Swinging Through the Trees

The thousand-furrowed, spiraling clouds of an angry 2012 rant have been gathering for some time on the horizons of my awareness… but today is not the day. Too much else going on. Head full of other things.

So instead, as a stopgap, a teaser, an eagle-feathered atlatl dart flung at the hurricane, here’s this, from Dennis Tedlock’s introduction to the Popol Vuh:

In theory, if we who presently claim to be human were to forget our efforts to find the traces of divine movements in our own actions, our fate should be something like that of the wooden people in the Popol Vuh. For them, the forgotten force of divinity reasserted itself by inhabiting their own tools and utensils, which rose up against them and drove them from their homes. Today they are swinging through the trees.

On Ouroboros, the Wheel, Constancy, Flux

So here we are. We know what we know. There are certain givens: time, matter, energy. We come out of them, we plod and stutter through them, we go back to them. There are also unknowns, and of these—their quantity, their breadth and scope—we haven’t got a clue. But we progress. We live. We add to the knowns. From within them, our discoveries seem vast. Yet our carvings away at the unknown, which ought to correspond in moment and consequence, after contemplation, after living, emerge as imperceptible. Death, God, Fate, Consciousness. We can be overwhelmed by these unknowns, we can proceed in spite of them, we can ignore them to our peril. We can fall back on what we know. Time, matter, energy. But more likely, more often, we fall back on what we are. Consciousness. Ephemeral, yes. Indeterminate, yes. But there. Present. A focal point of known and unknown, a pinhead upon which angels and mortals dance even though it can take them nowhere but where they are.

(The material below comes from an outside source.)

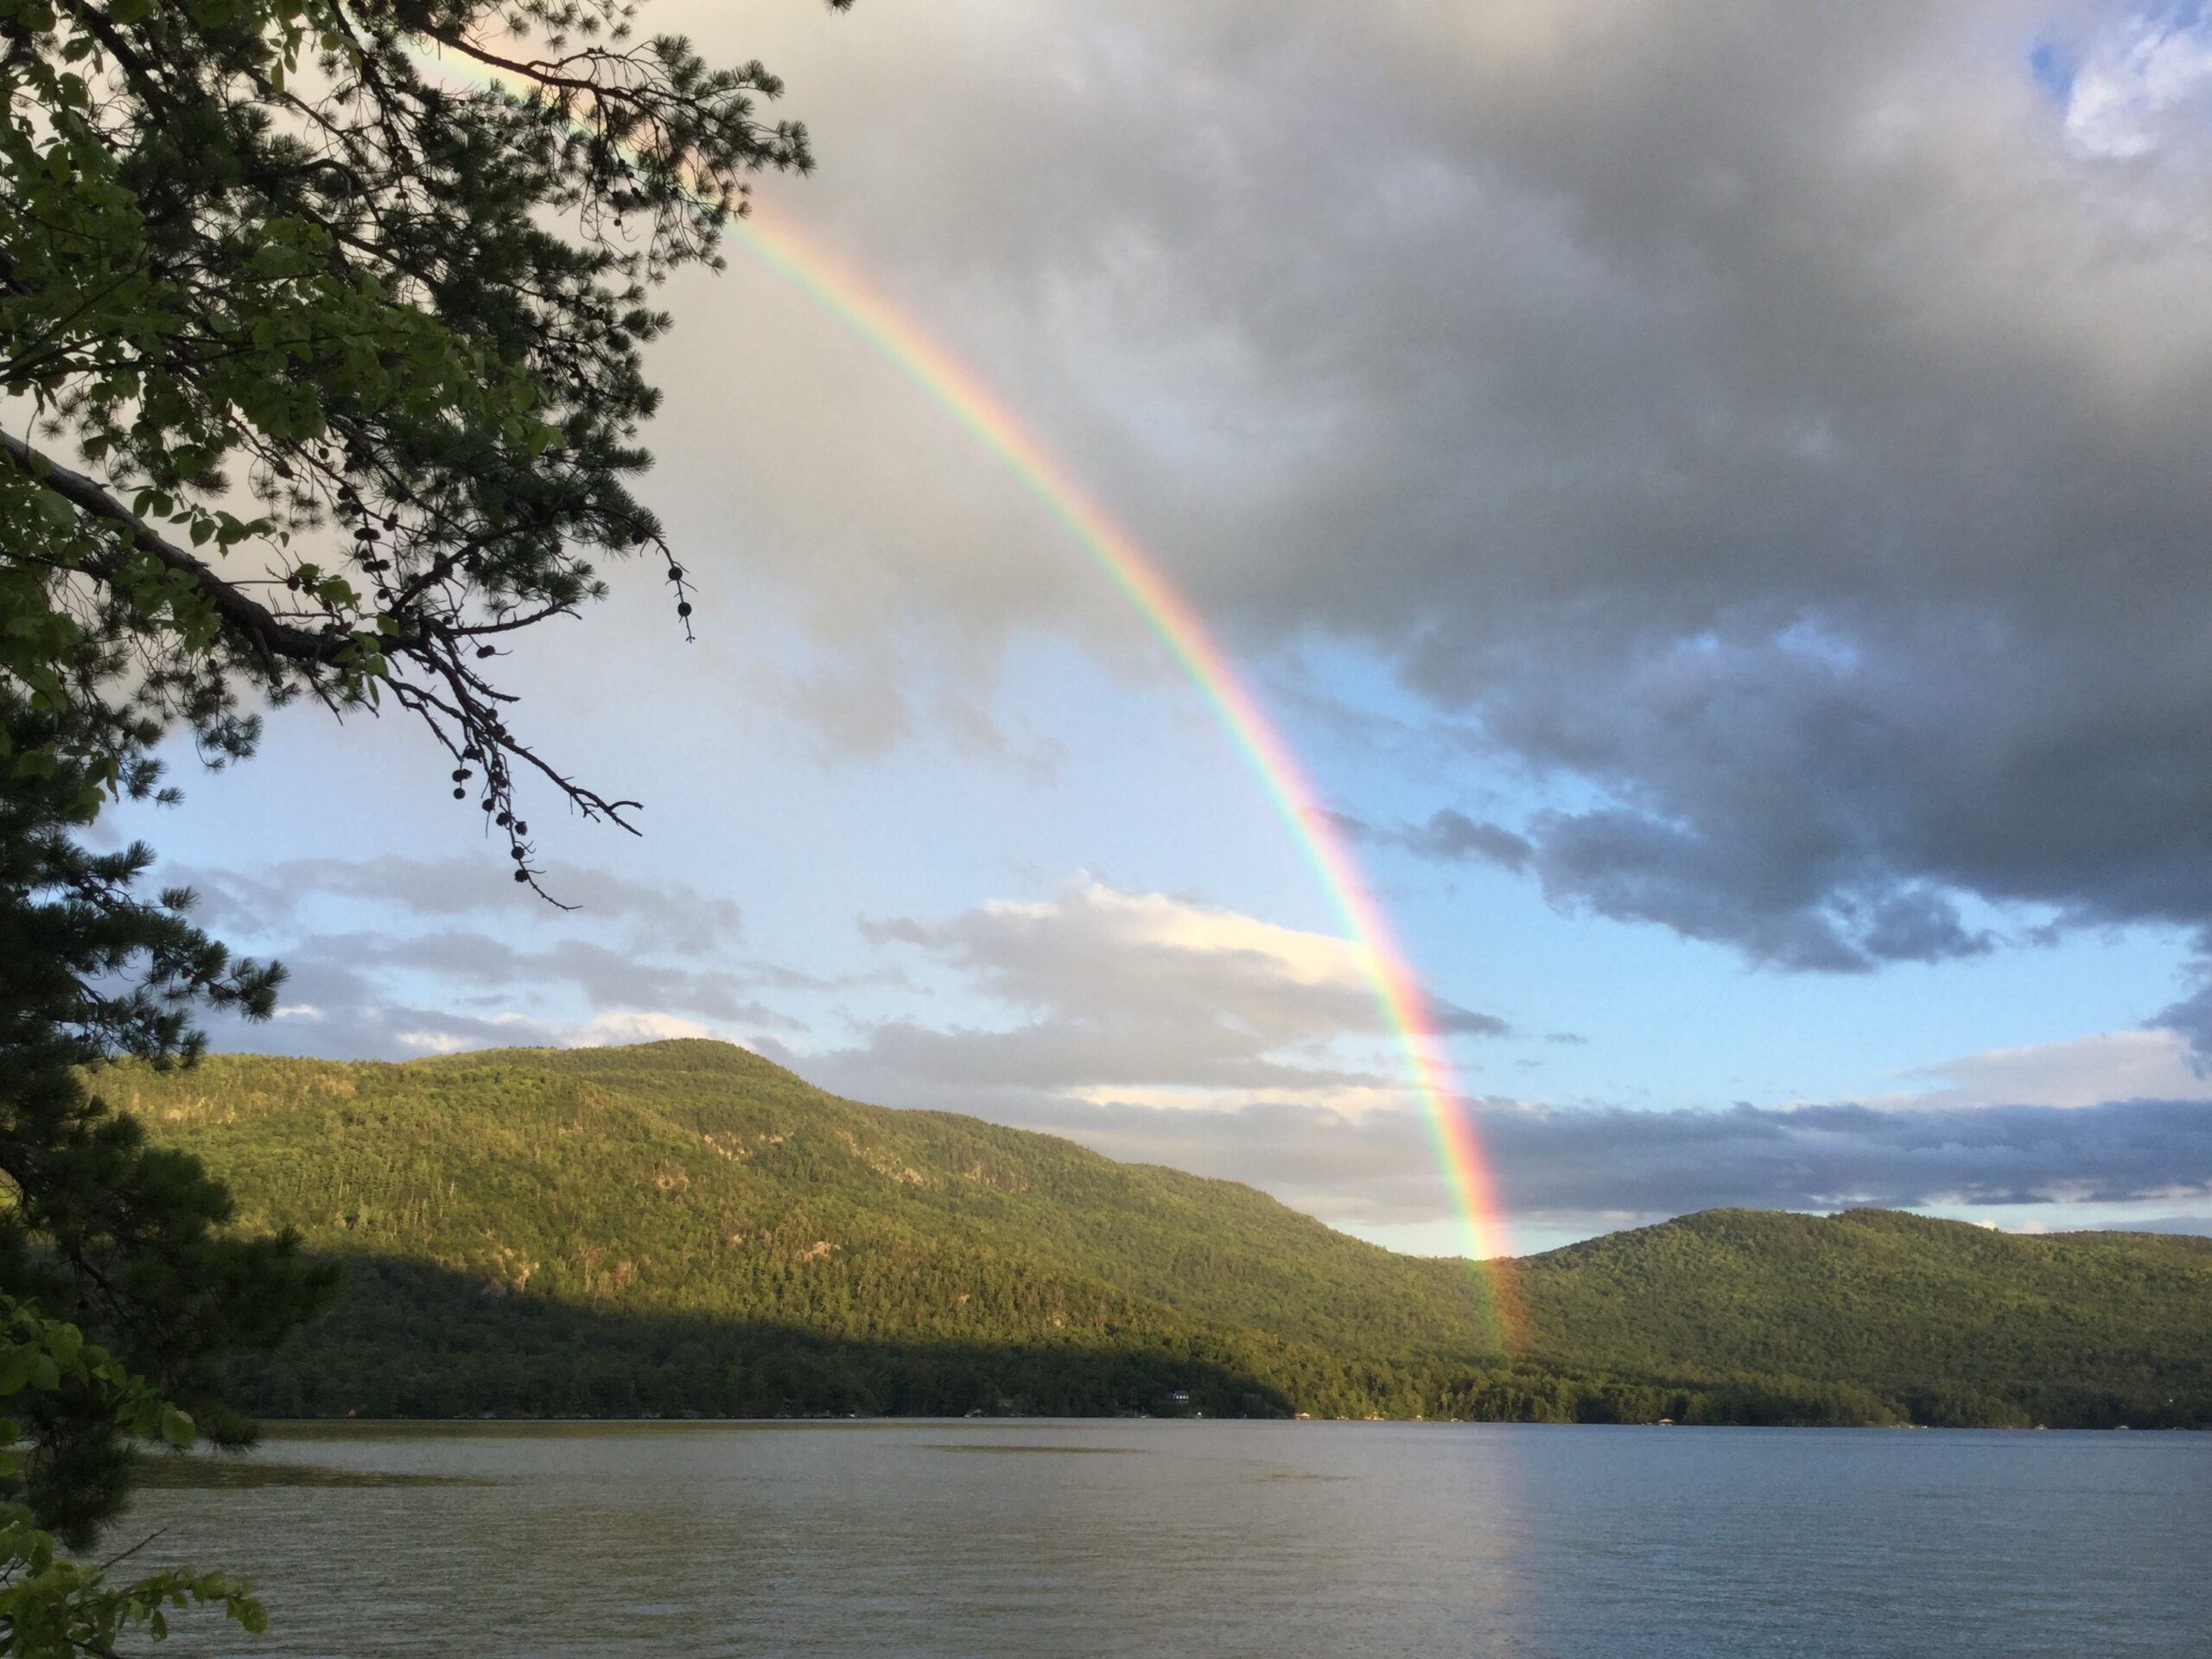 A rainbow can seen over a lake with lush green mountains in the background.

What is all this, exactly? I suppose it’s an argument against fear, and for striving. I look across the table, across the gulf from screen to screen, and there I find identities in the same situation, existing at the same summit of incomprehensible, familiar, unknowable, and inevitable. And sometimes I’m shocked at the far more tangible gulfs in ideology and apprehension that result from what is essentially the same. And other times I’m shocked any of us manage to communicate at all. But we’re all going to the same place: death. And we all came out of the same set of resources: matter, energy, life, the past. And we’re all trying to occupy the heads of our own pins with recourse only to those same resources. Trying to maintain equilibrium and to progress at the same time.

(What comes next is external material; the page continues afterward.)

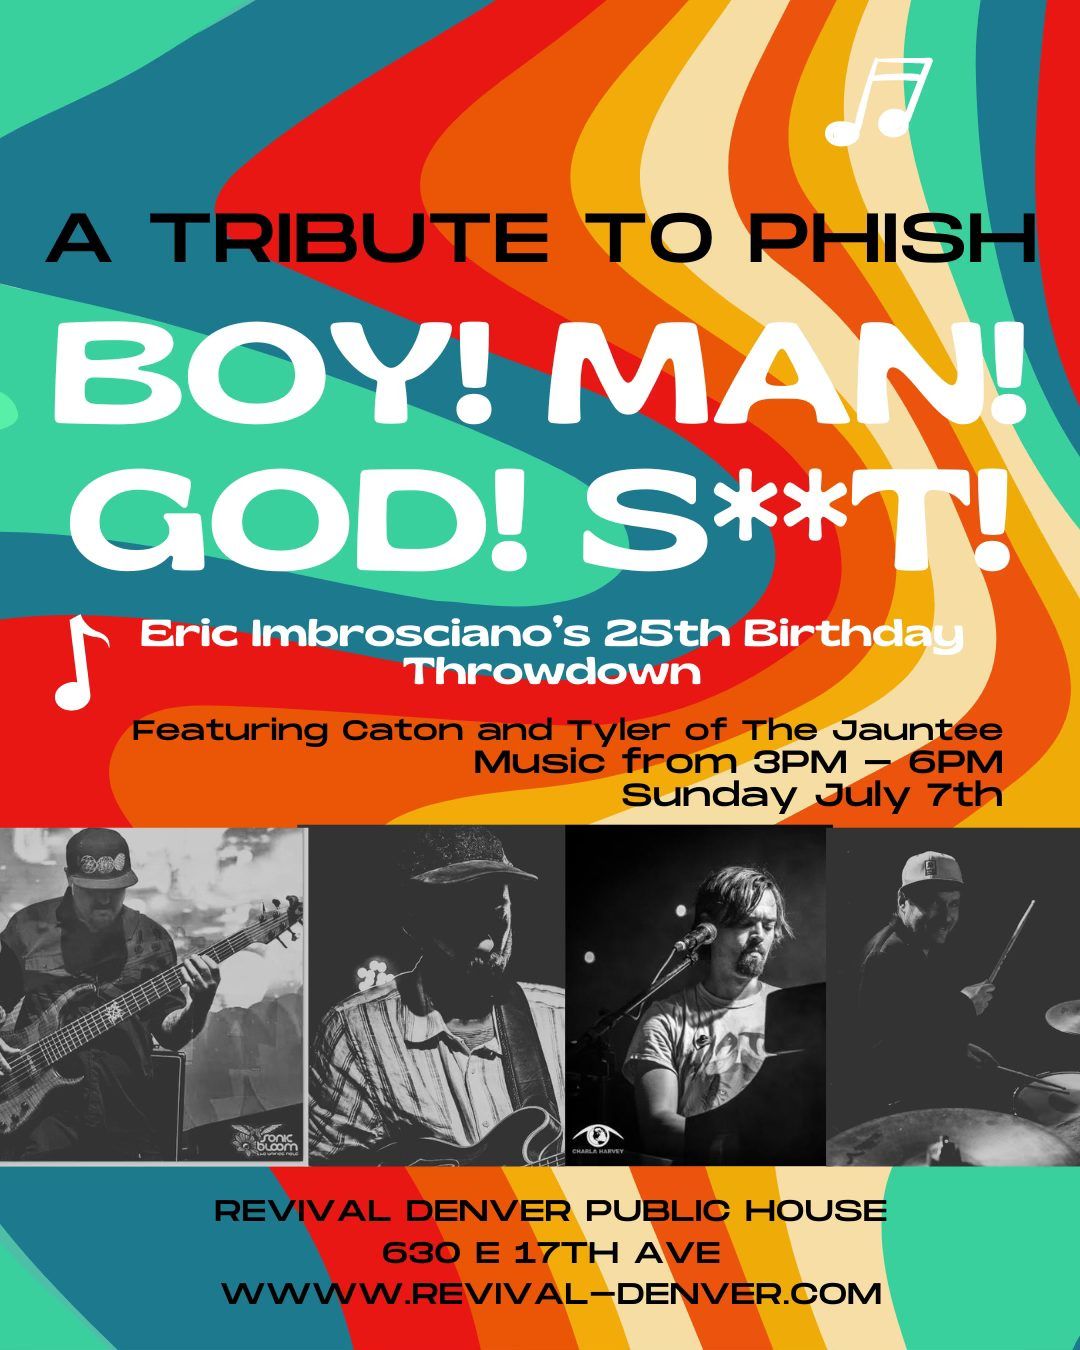 Boy Man God Sh*t-A Tribute To PHISH ft members of The Jauntee and Lit Society

Sometimes I wish I could pull off my head, pull of my worldview, my set of both rational and irrational connections to life, matter, energy, the past and the unknowable, and plunk it on top of somebody else for a little while. On the other hand, the prospect of somebody, anybody, doing the same thing to me—no matter who it is, Ghandi or Dr. King or Einstein or Tesla or Marx or Erin or my father—frankly, terrifies me. I try to overcome that. I strive. Just like I take what I can get when it comes to the head-popping-off, head-hopping, etc. And I consider myself lucky, when it occurs to me to do so. And other times I hate myself, because it isn’t luck at all, it’s how you use what you’re given.

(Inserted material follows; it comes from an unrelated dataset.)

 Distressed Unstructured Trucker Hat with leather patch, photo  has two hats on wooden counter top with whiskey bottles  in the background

And that’s what striving is. We do what we can.

Forgive me. I realize I’ve been stating the obvious here, and just because I’m formulating it in these vague, mystical terms doesn’t make it any more meaningful. There are parts of this argument I’ve been having with myself that I can’t formulate except in my head, and occasionally, when the moment’s right, in person.

Ask me about it sometime.

What the hell is a sun machine?

This question occurred to me thanks to the shuffle switch on my ipode, which, on a long, lonely drive through Vermont in a wet snowstorm, presented me, all out of context, with “Memory of a Free Festival”: the distantly trippy, elegiac-in-the-face-of-joyful, seven-minute final track off David Bowie’s Space Oddity. Ostensibly, it’s a jangly-organ folk ballad celebrating free love and boundless hippie optimism, with a hint of the wonderful irony for which I so love Bowie:

We claimed the very source of joy ran through
It didn’t, but it seemed that way
I kissed a lot of people that day

But all that stuff trails off around the three minute mark, and for the final four minutes we get a wild cacophony of toy-piano tinkling, trombone-kazoo-clapping and distant fairy laughter, over which Bowie and a chorus of euphoric voices chant, over and over:

The sun machine is coming down and we’re gonna have a party

Which I presume we are to interpret as a return to our regularly scheduled glammed-out alien space messiah Bowie. Take the green acid so when Ashtar and the Aquarians get here, they’ll know you’re one of the enlightened and you’ll get to ride off with them on the crystal ship.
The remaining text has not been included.